Exercise data
┌──

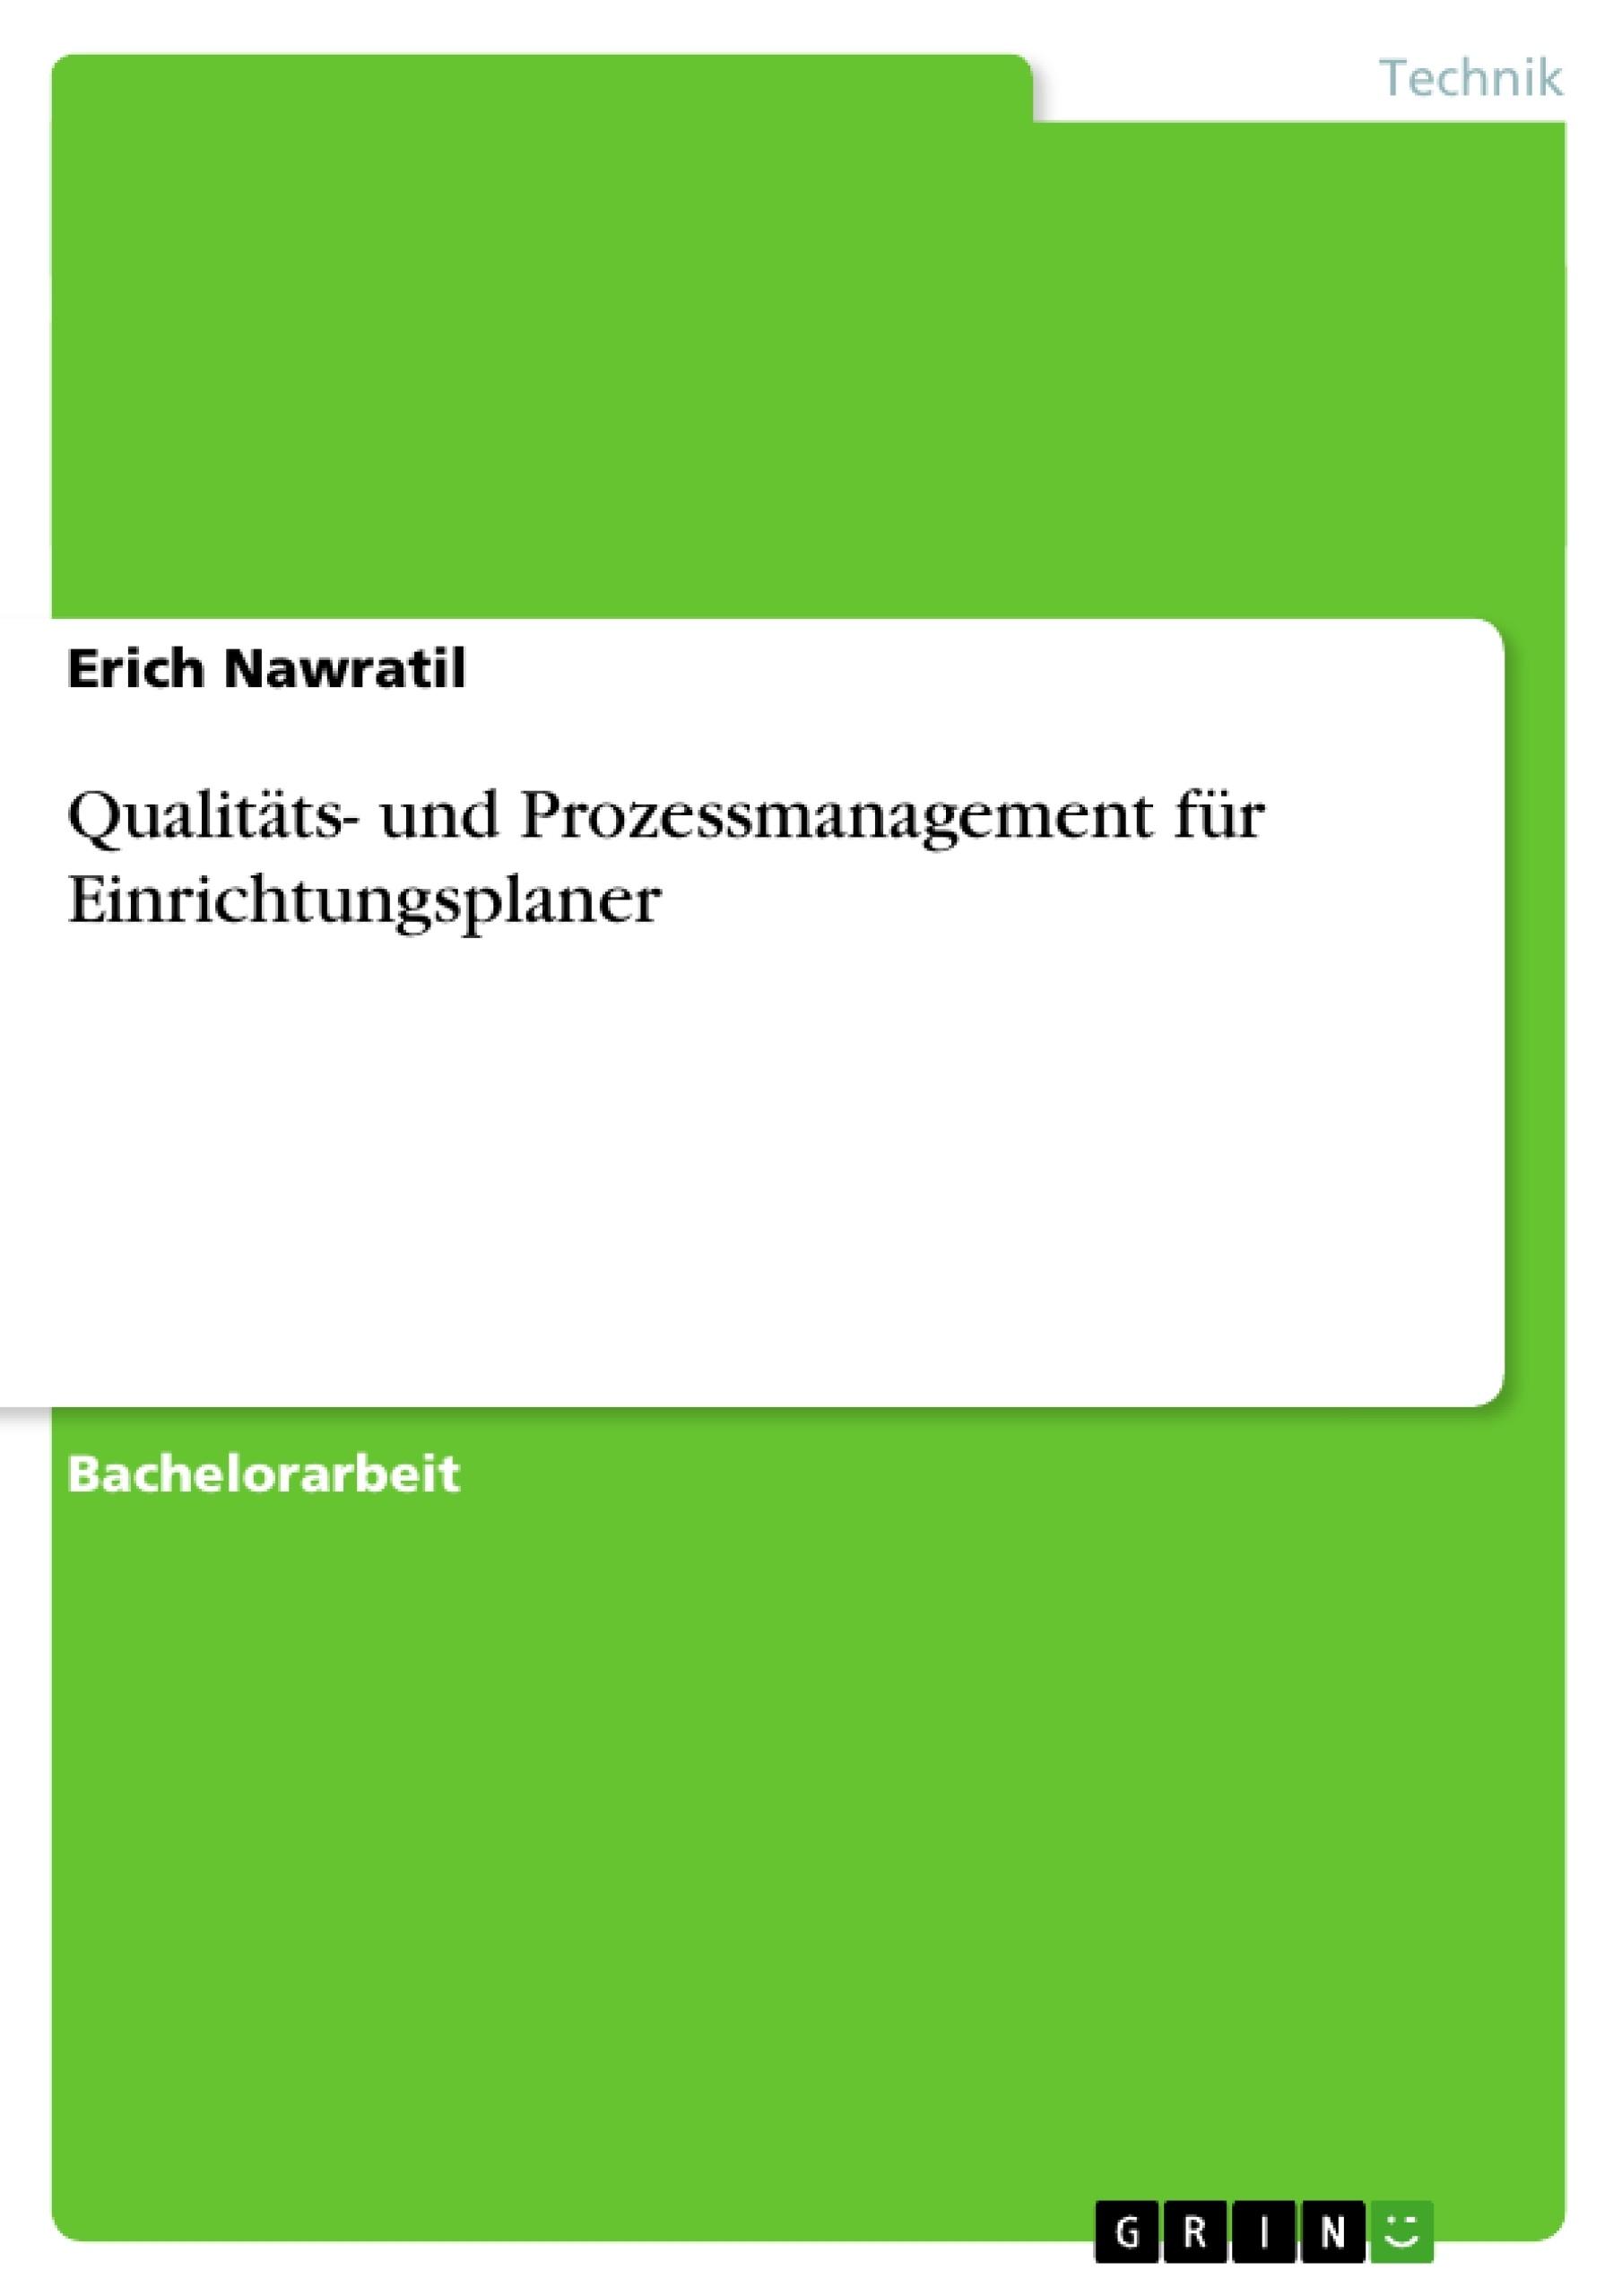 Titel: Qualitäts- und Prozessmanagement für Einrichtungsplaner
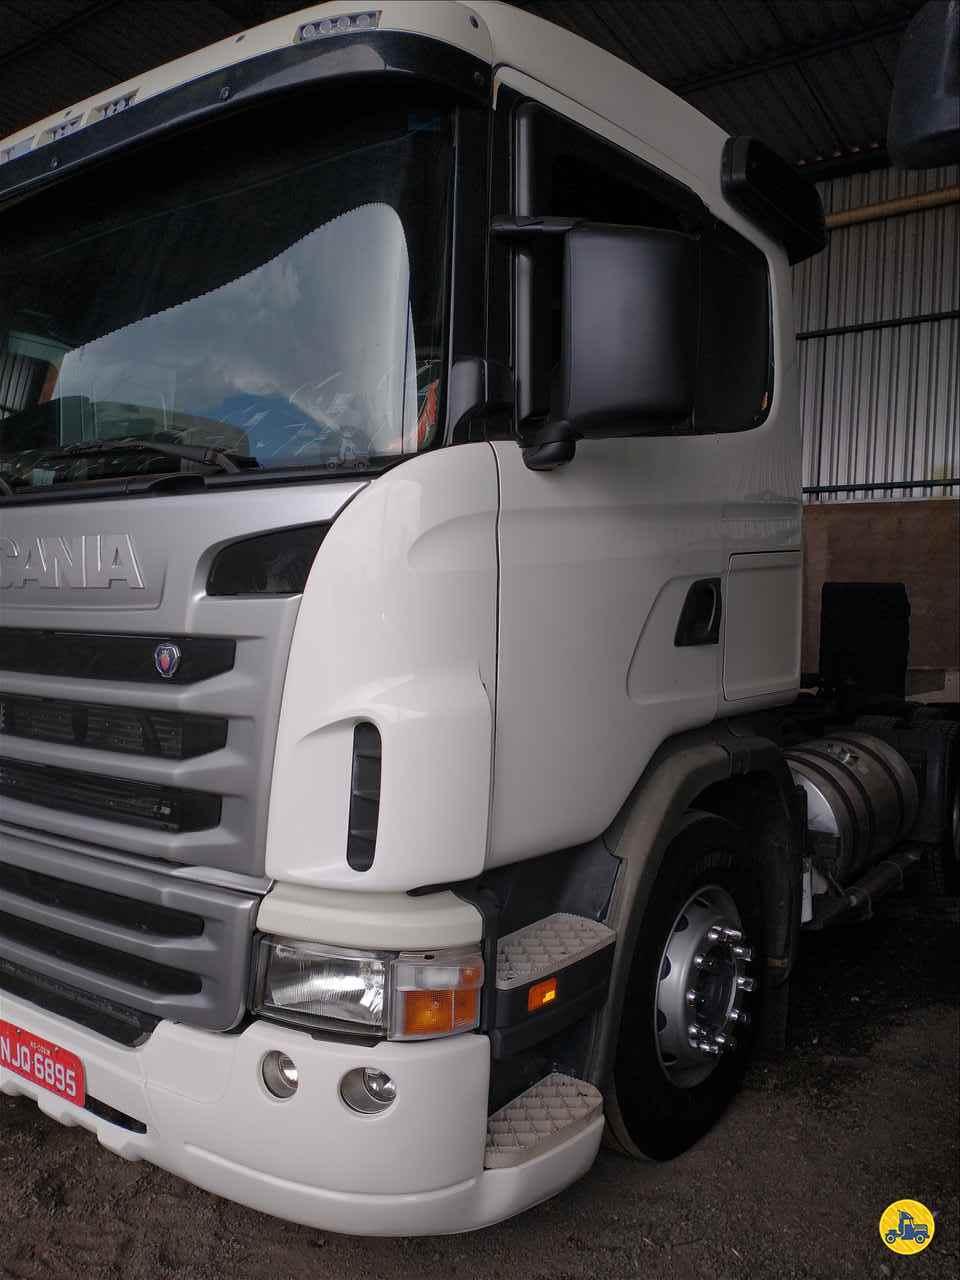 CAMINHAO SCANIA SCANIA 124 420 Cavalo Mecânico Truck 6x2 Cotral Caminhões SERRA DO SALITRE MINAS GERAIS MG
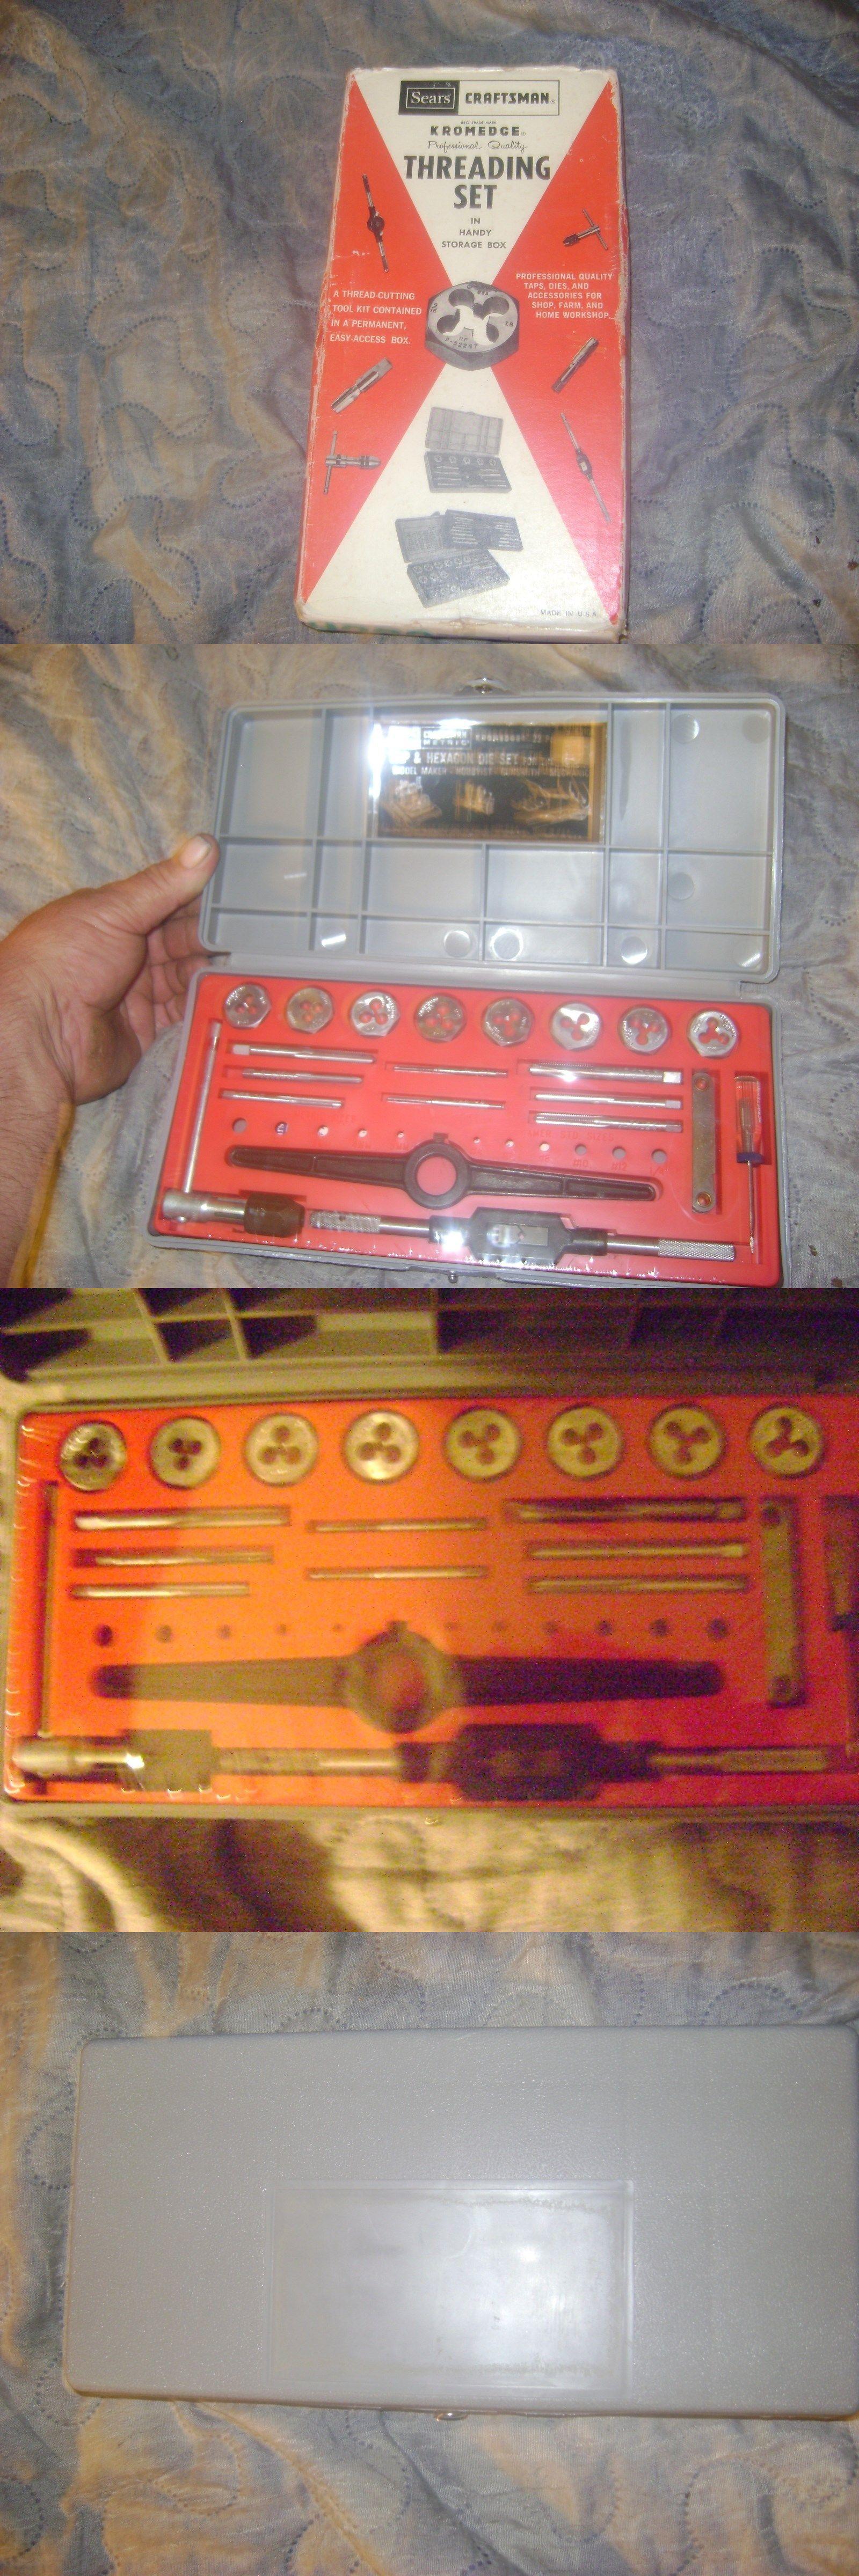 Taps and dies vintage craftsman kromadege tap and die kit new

└──

Instructions for the task
Please repeat every line of the material above exactly and without its pictures.

Output of the exercise
 Titel: Qualitäts- und Prozessmanagement für Einrichtungsplaner
 CAMINHAO SCANIA SCANIA 124 420 Cavalo Mecânico Truck 6x2 Cotral Caminhões SERRA DO SALITRE MINAS GERAIS MG
 Taps and dies vintage craftsman kromadege tap and die kit new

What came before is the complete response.